• [Task requirements]
Leaving out pictures, output exactly the lines below from the one that has "Bobbardier beetle (Brachinus alternans)" through the one that has "Captain Matthew C. Perry, USN", and nothing else.

• [Extracted material]
----
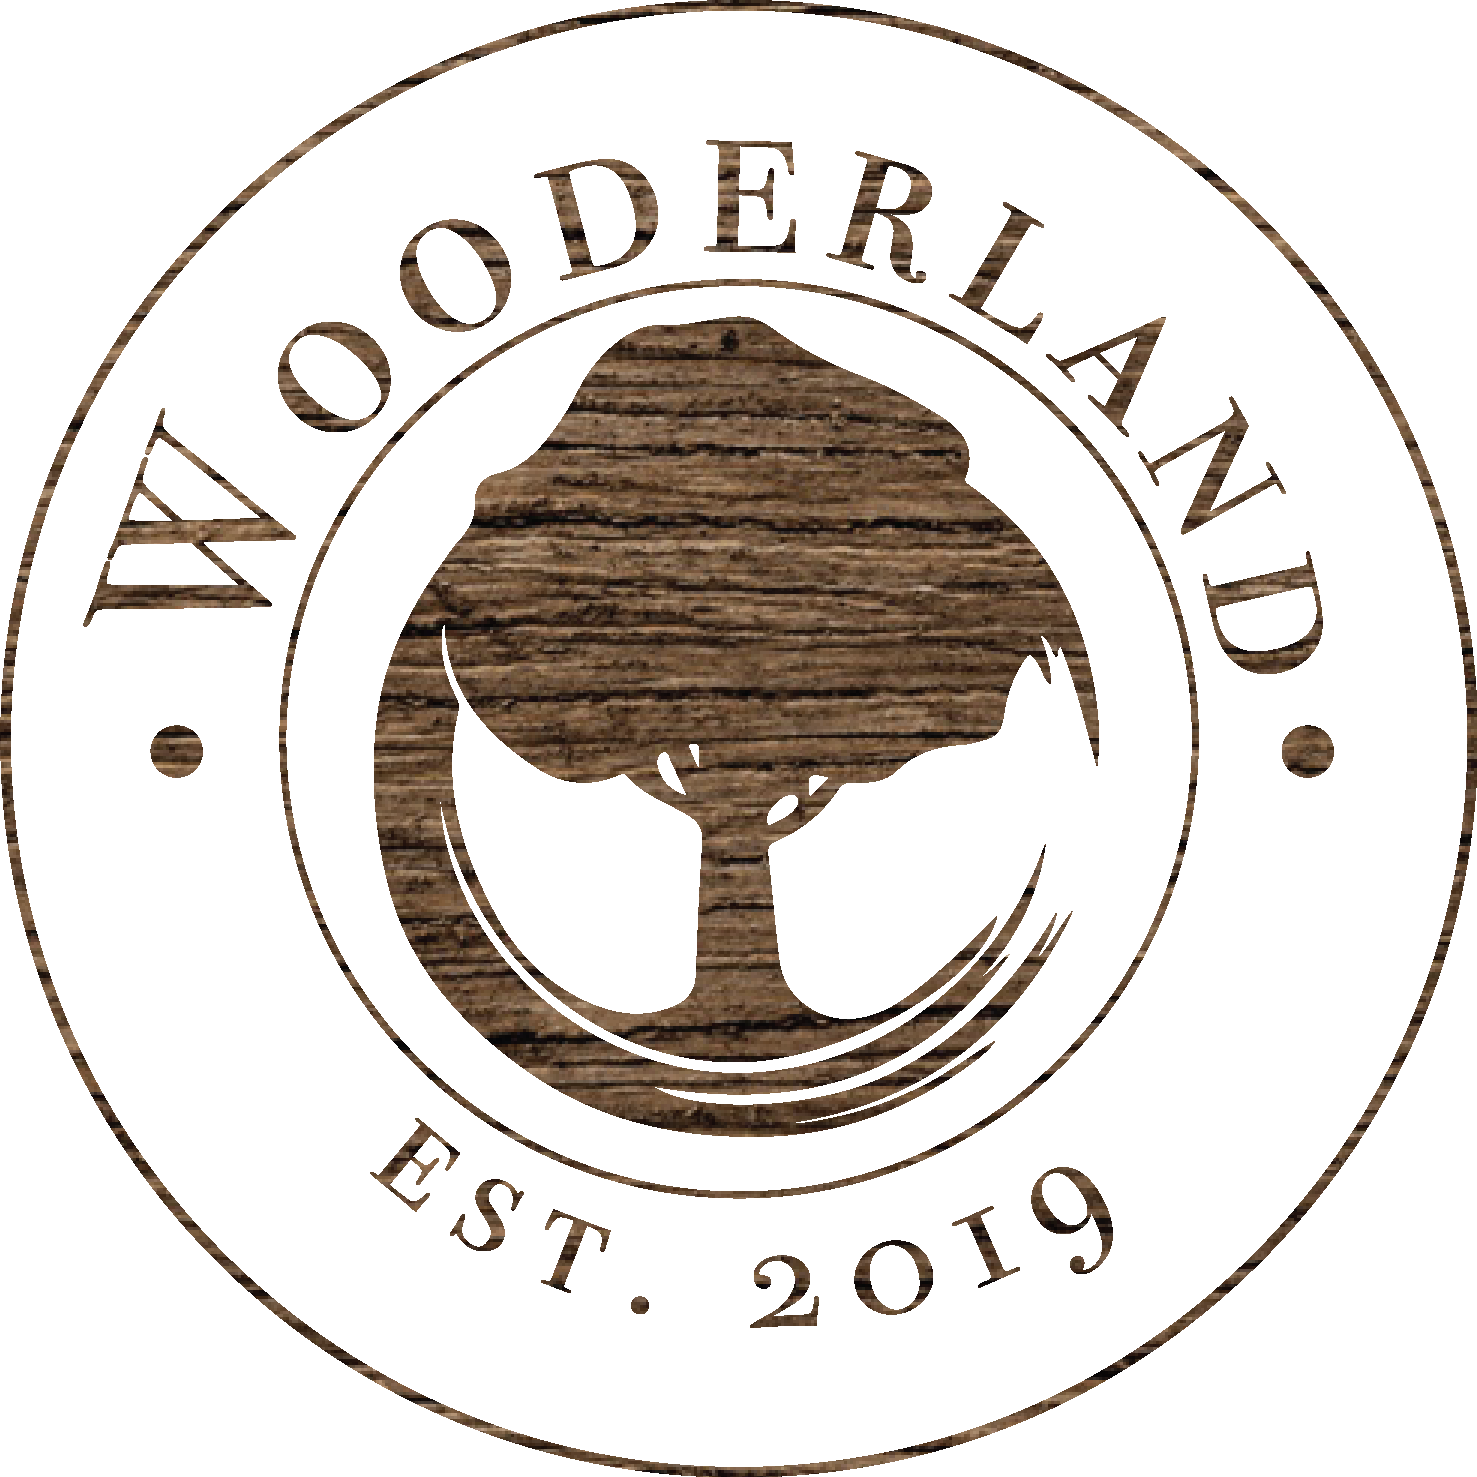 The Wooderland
----
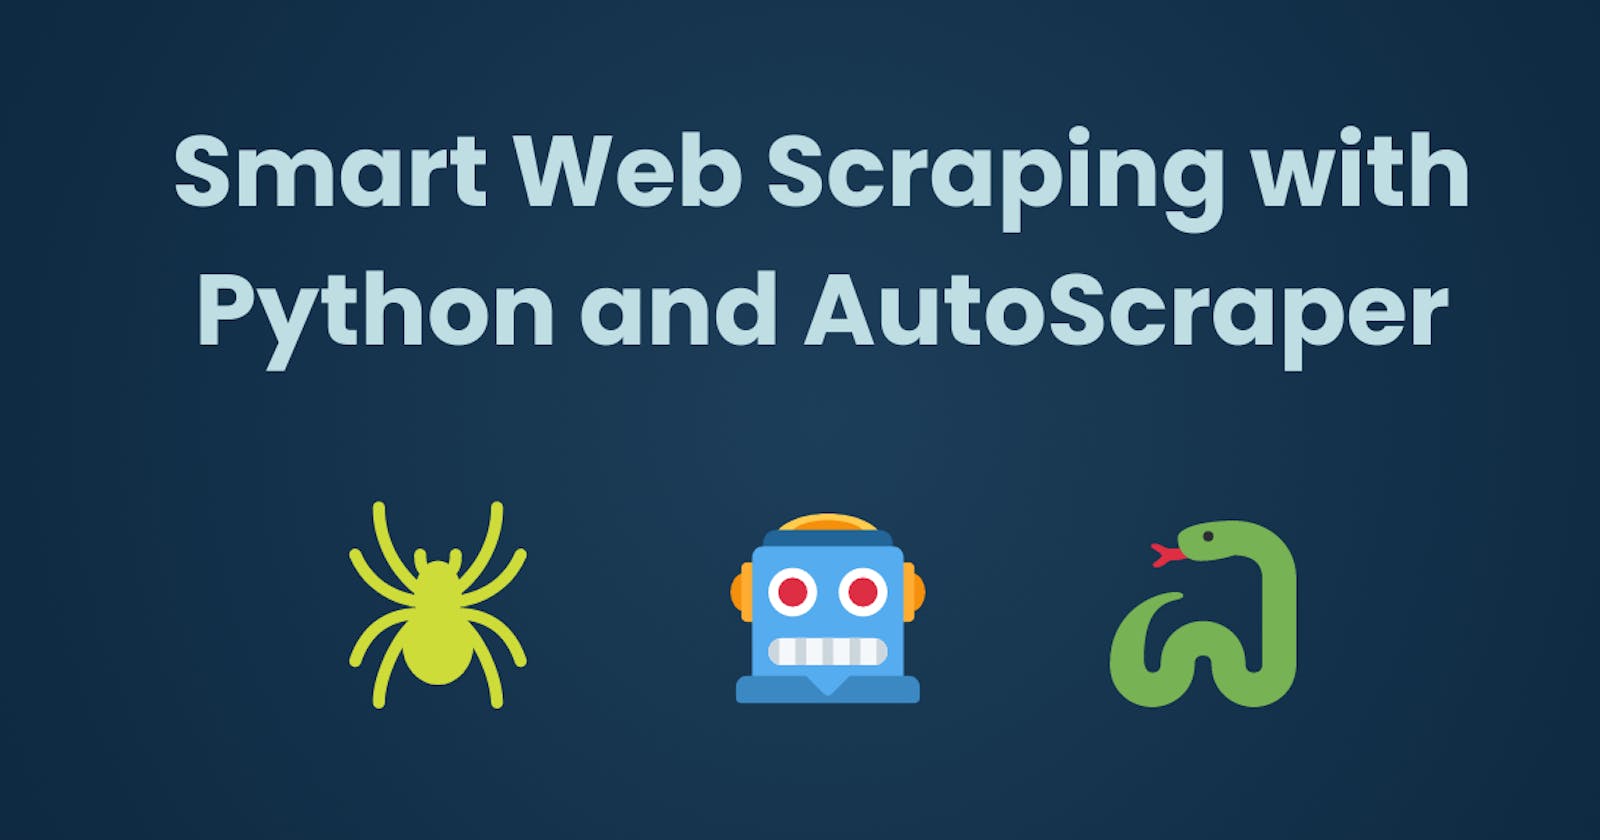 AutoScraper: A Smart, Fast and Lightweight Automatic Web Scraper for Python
----
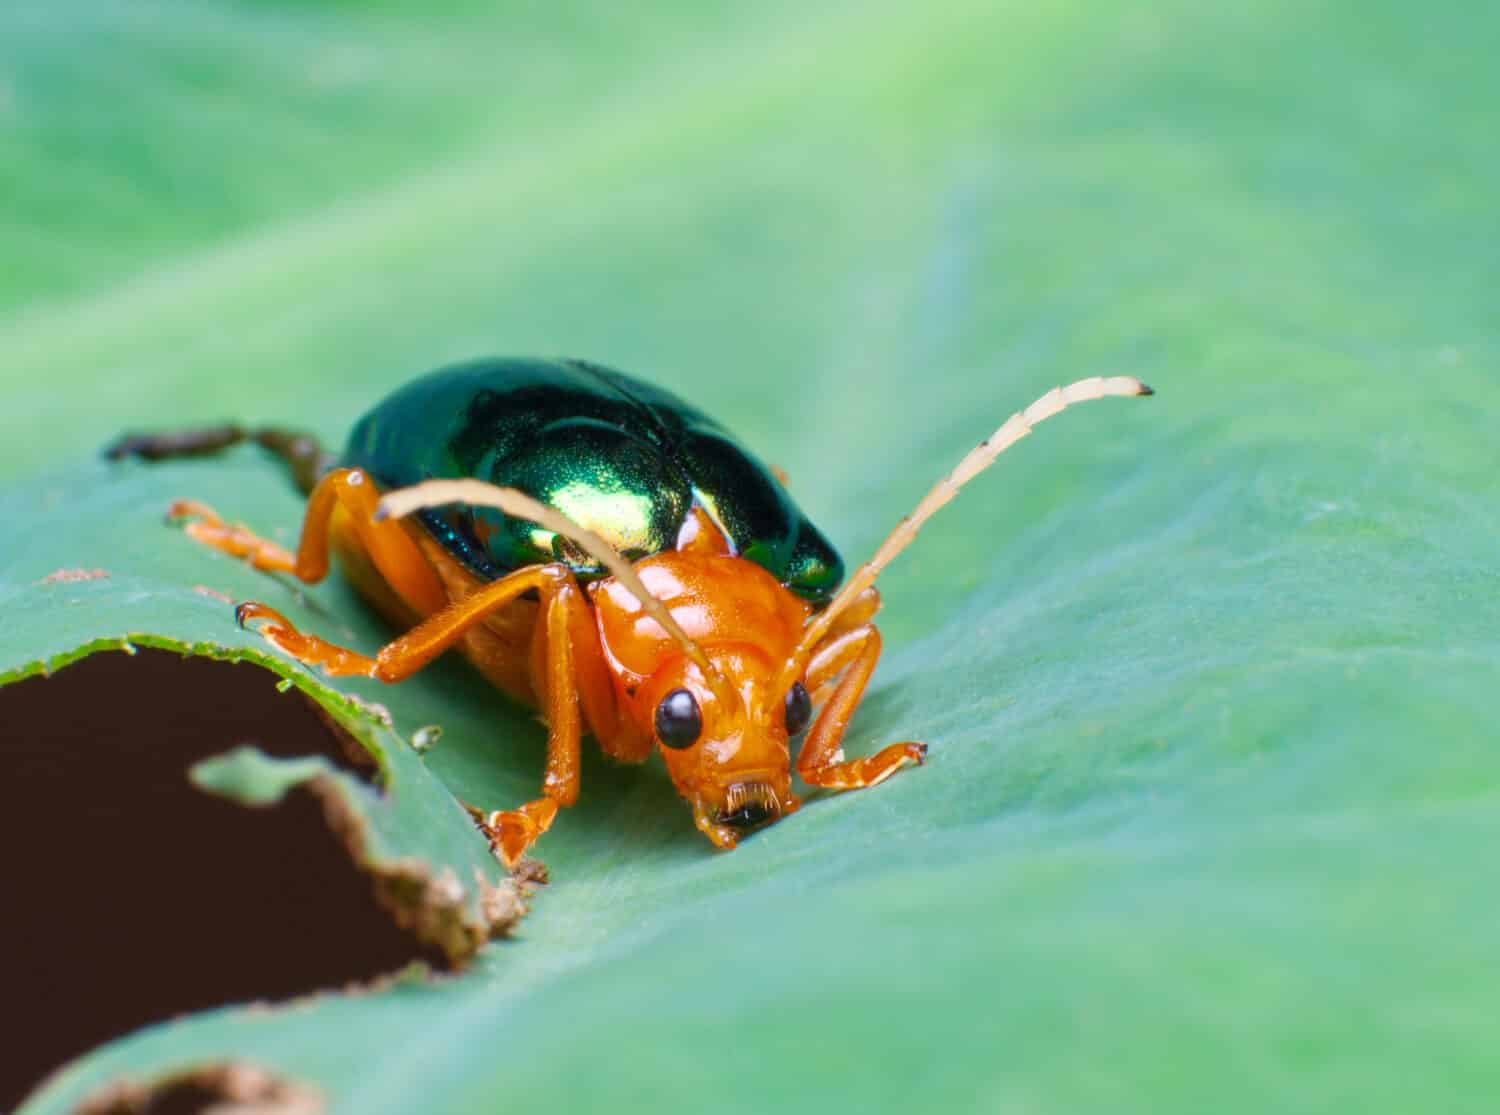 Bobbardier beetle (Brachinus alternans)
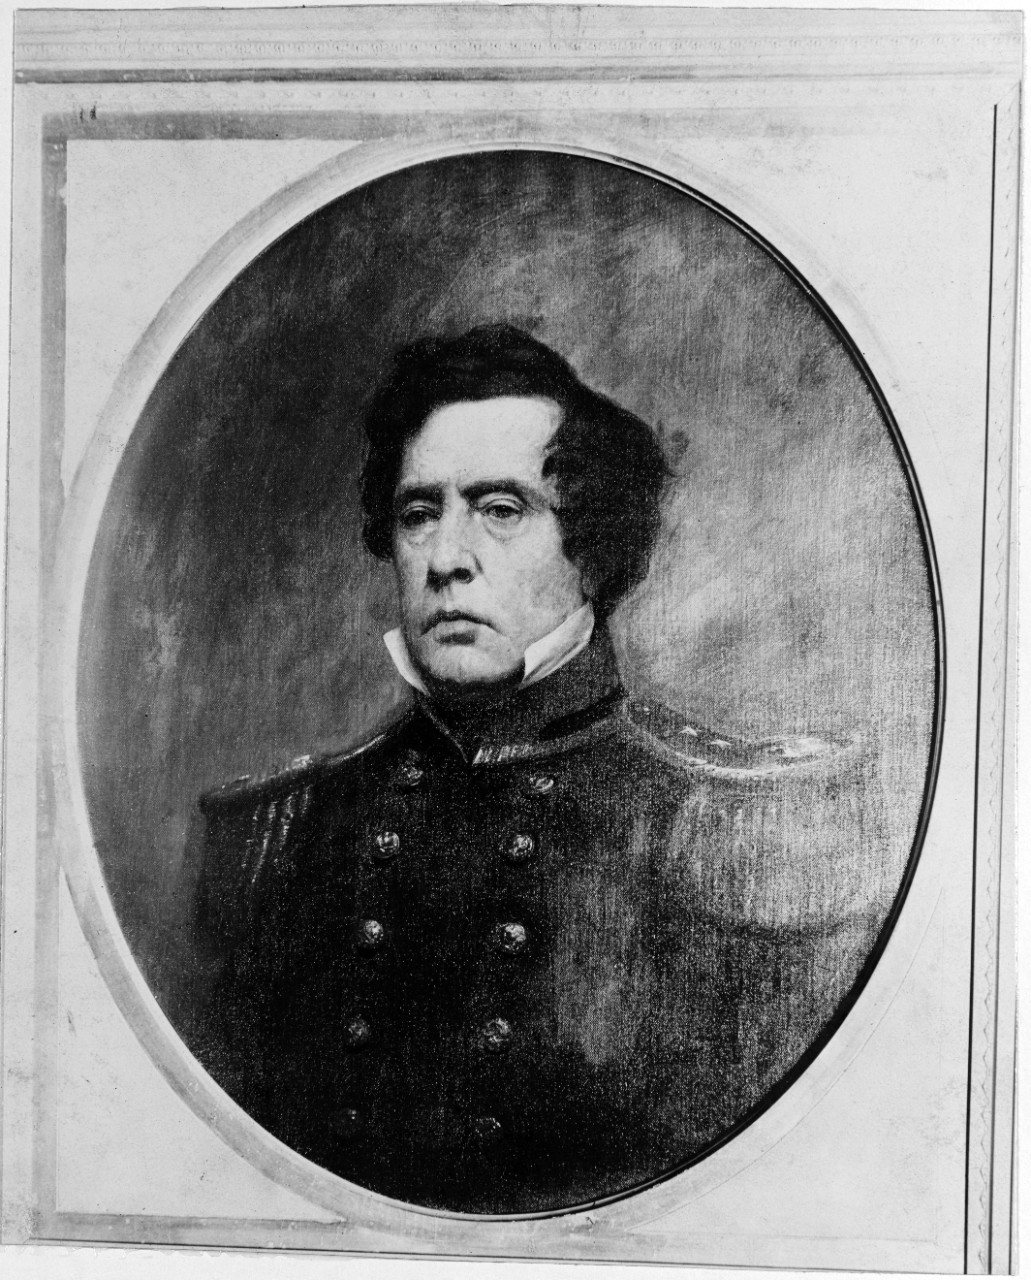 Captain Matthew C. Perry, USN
----
• [Answer area]
 Bobbardier beetle (Brachinus alternans)
 Captain Matthew C. Perry, USN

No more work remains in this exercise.